Wild and precious

She stood in her kitchen in the low light of a winter morning, waiting for the kettle to finish. Outside, the world was waiting to be formed. River mist filled the valleys. The sleeping hills were still. Dawn crept, silently, towards the horizon. In her bare feet, she felt the cold of it entering her house, her body, her bones. Those who died today would never feel warmth again. How strange, to have reached the point of such forgetting. She leaned against the kitchen counter, waiting to shiver. The kettle was wheezing with the effort of pushing against the cold and the quiet. As she cupped her hands around its hot little body, her eye caught on the poster above it, with the quote from the Mary Oliver poem: ‘What is it you plan to do with your one wild and precious life?’ It was written in large cursive letters in aqua colored ink, framed in a light, bland wood, suitable for everyone to see. The other line, she kept to herself; ‘Doesn’t everything die at last, and too soon?’

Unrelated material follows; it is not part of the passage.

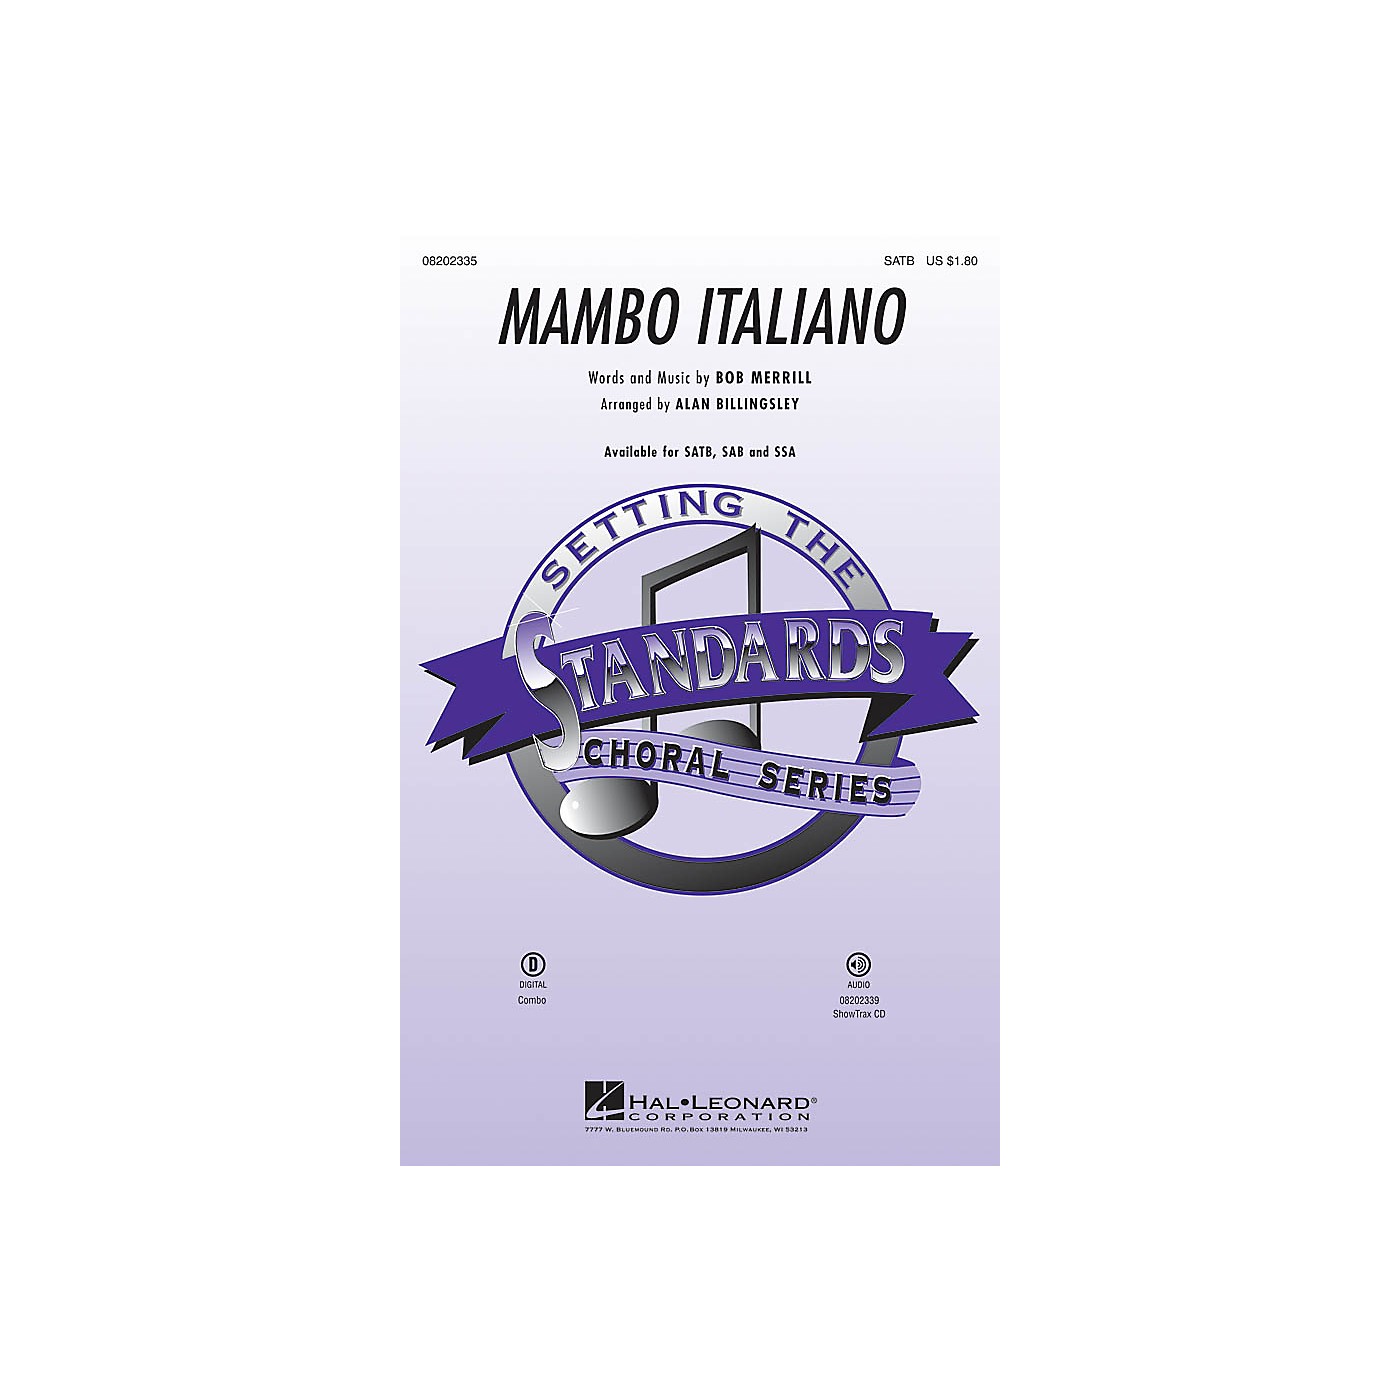 Hal Leonard Mambo Italiano (ShowTrax CD) ShowTrax CD by Rosemary Clooney Arranged by Alan Billingsley thumbnail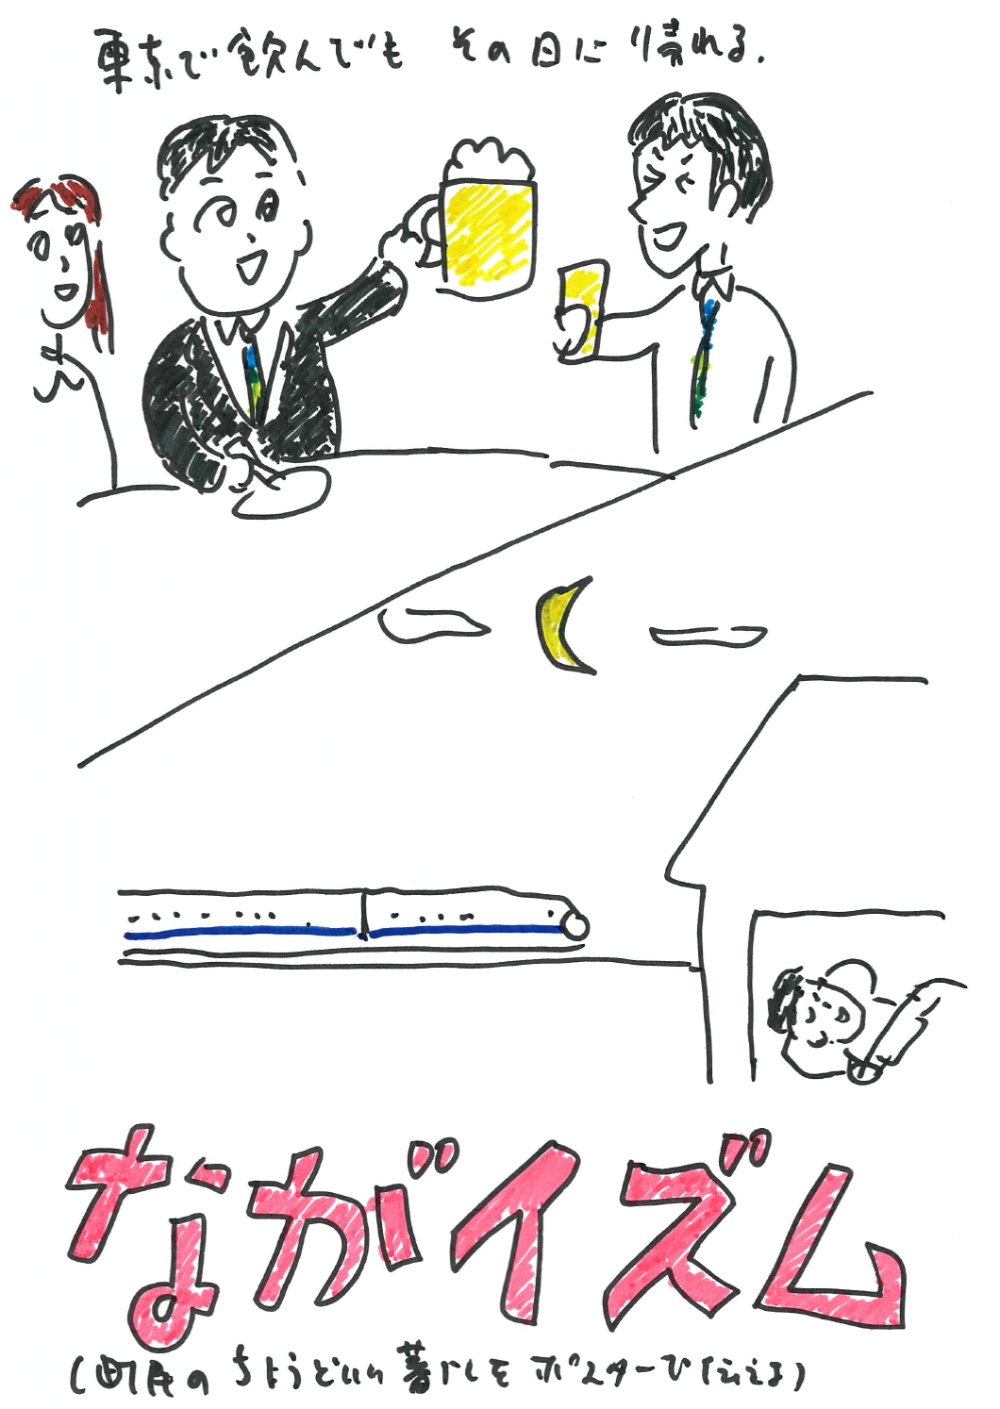 都内で飲み会があっても、新幹線で帰宅できることを表したイラスト

When she had been given her diagnosis, a whole new vocabulary had come with it; one of war and conflict. She was supposed to be battling. She was supposed to reject the possibility of defeat. She was supposed to be strong and brave and on some kind of strong, brave, battling, tragic, journey. But she was not brave enough, didn’t fight enough, was too equivocal, too sick, too distracted, too quiet, too still. Or perhaps the treatment just didn’t work. With three to five weeks left, she was planning her last day on earth. When the counsellor had suggested it, she had imagined a kind of summing up, like at the end of a workshop. She should be engaging in reflection right now, reminiscing, making meaning, drawing out themes. Listing important contributors to thank.

She gazed out of the window at the red mist, drifting. It was so quiet. Birds were huddled somewhere in flocks, feathers fluffed up, eyes closed, hard beaks tucked under soft wings. The mist was rising. She could skill see the bright prick of stars above it, but not for long. Slowly, slowly, the hard dark blue of the sky was melting into white. We are born, and spend our lives walking toward God. Or so they say. She poured hot water into her cup and wondered what it would be like to do nothing; no planning, no thanking, no last day. She would stand and watch the dawn, and then the sunset, and then another dawn. The world was pulled on strings of light. It reached, and stretched, and imagined itself into the future. She could hear it now, stirring in the silence. The great sweep of forest, the button-grass plains and tarns of ice. Out on the water, there would be patches of glowing silver, and grey sheets of sky falling into the sea, soft grey water to soft grey water. Whales would be swimming in the green depths. From her window she would see the start of it; the droplets on the wind, the bend of the eucalypts. The air that touched the air that touched the clouds that touched the sea. Her body amongst all the bodies on earth; the crowding, rushing clamor of them; the feathers, the scales, the fur, the skin; the old, the aging, the freshly born. Her senses reaching out to the world reaching out to them. Here, we are here, we are here. We are here.